In addition to specificity, we also investigated the performance of our microfluidic immunoassay with a titration in which varying concentrations of IL-6 were assayed (Fig. 3C). With a flow rate of 0.08 μL/min, 4.8 μL of sample for each concentration was analyzed over the course of the 1-h incubation. We observed a dynamic range greater than six orders of magnitude and a limit of detection of at least 50 pM. Notably, our titration curve revealed an apparent sublinearity in the dynamic range both at its high and low end. This sublinearity of the dynamic range is a commonly observed effect in bead-based immunoassays, which can be attributed to what is often referred to as “analog to digital conversion noise” resulting from the translation of the actual number of antigens captured (analog) to the quantity of beads bound (digital). Given the large size of the bead relative to the antibodies and antigens, not every molecule on the probe surface is interrogated; each bead interrogates multiple neighboring probe molecules. Thus, the number of antigen/antibody interactions that hold down a specifically bound bead likely varies from a handful to several hundred. This fact is particularly relevant for extremely low concentrations, where it is possible that at the flow rate we used during the wash step, a single immunocomplex is insufficient to hold down a bead.

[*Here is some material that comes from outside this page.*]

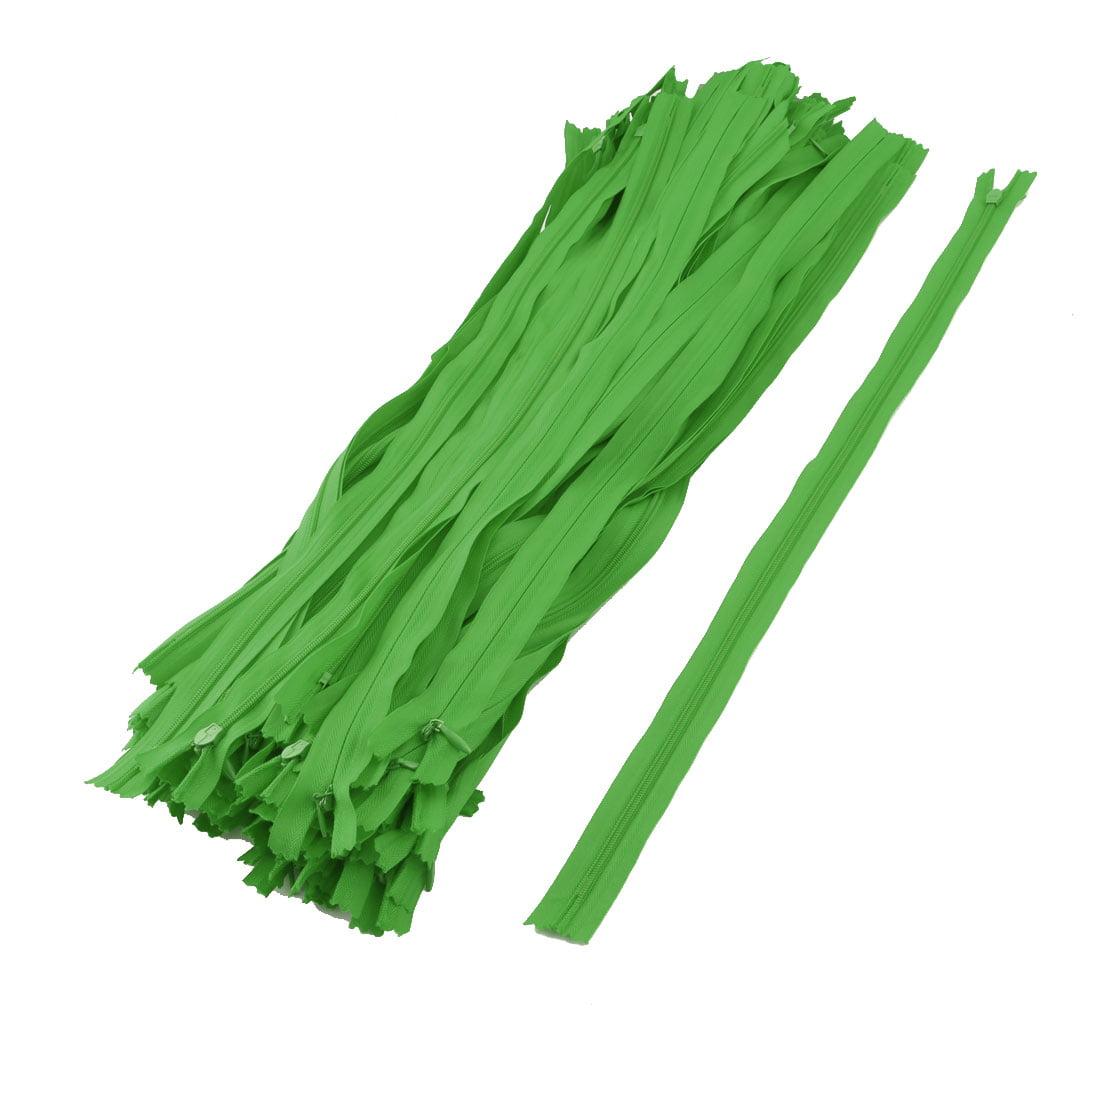 Dress Skirt Pants Invisible Zipper Sewing Craft Tool Green 20 Inch Length 100pcs

To evaluate how the sensitivity of our platform compared with current gold standard methods, we performed a similar titration using ELISA in a standard 96-well plate (Table 1). The same reagents as our microfluidic immunoassay were used; however, the anti–IL-6 capture antibodies were instead adsorbed onto the surface of the ELISA plate with an overnight incubation at 4 °C, and detection was achieved using a fluorescent secondary antibody in place of the bead (SI Materials and Methods). Because the 96-well format requires larger volumes to ensure uniform wetting of the surface of the well, 100 μL of sample was used for each reaction performed in the 96-well plate. A titration of IL-6 performed using a 3-h binding step at room temperature showed that the limit of detection of the IL-6 ELISA in the 96-well format to be 500 pM. Although 500 pM is more than three orders of magnitude above the limit of detection reported for commercially available IL-6 ELISA kits, the antibody pairing used in these commercial ELISA kits are often proprietary, and because we wanted to perform a direct platform comparison, we used our own antibody pairing to develop a laboratory IL-6 ELISA. We expect that with further optimization of the antibody pairs, both the detection limit of the IL-6 ELISA and our digital microfluidic IL-6 assay would be significantly improved. Our platform comparison thus shows our biosensor proves to be an order of magnitude more sensitive than ELISA without any further optimizations of the reaction chamber size, flow rate during the reaction step, or flow rate during the wash steps. This increased sensitivity of our platform is even more evident when taking in account the smaller sample volume needed; our platform is capable of detecting roughly two orders of magnitude fewer molecules than ELISA, with 4.8 μL of 50 pM being roughly equivalent to 1 × 108 molecules and 100 μL of 500 pM being equivalent to 3 × 1010 molecules. This capability of detecting fewer molecules could prove to have value in applications targeting protein biomarkers that are present in only a small subgroup of cells within a large population, such as early-stage solid-state tumors.
Table 1.
Assay specifications | Our platform | ELISA |
Volume needed | 4.8 μL | 100 μL |
Limit of detection | 50 pM | 500 pM |
No. of molecules | 1 × 108 molecules | 3 × 1010 molecules |
We next set out to demonstrate the ability of our technology to assay protein abundance using electrical detection: 250 pM of IL-6 was assayed using the same standard conditions of a 1-h incubation at 30 °C and with continuous flow at a rate of 0.08 μL/min. After washing away nonspecifically bound beads, the immunobound beads in the capture/reaction were eluted and directed toward the electrical impedance sensor by washing with 1 M NaOH at a flow rate of 0.05 μL/min. As shown in Fig. 4, nearly a threefold increase in signal over background was observed (P < 0.04).
Abl Kinase Assay.
We also focused our efforts on demonstrating the ability of our technology to measure protein activity. Given the lack of methods to easily and quantitatively detect posttranslational modifications, we adapted our biosensor to measure kinase activity and chose to use the human Abl kinase, which is known to have oncogenic activity when constitutively active, for a proof of concept. Instead of antibodies against the protein of interest, for the Abl kinase assay, the surface of the capture/reaction chamber was functionalized with peptides containing an optimized sequence of amino acids known to be targeted by Abl, and the micrometer-sized beads were conjugated with antibodies specific for the phosphorylated form of the peptide. The kinase reaction was performed on chip, and here, counting the changes in resistance will correlate with the extent of phosphorylation of the peptides and in turn represent a measure of kinase activity present in the sample.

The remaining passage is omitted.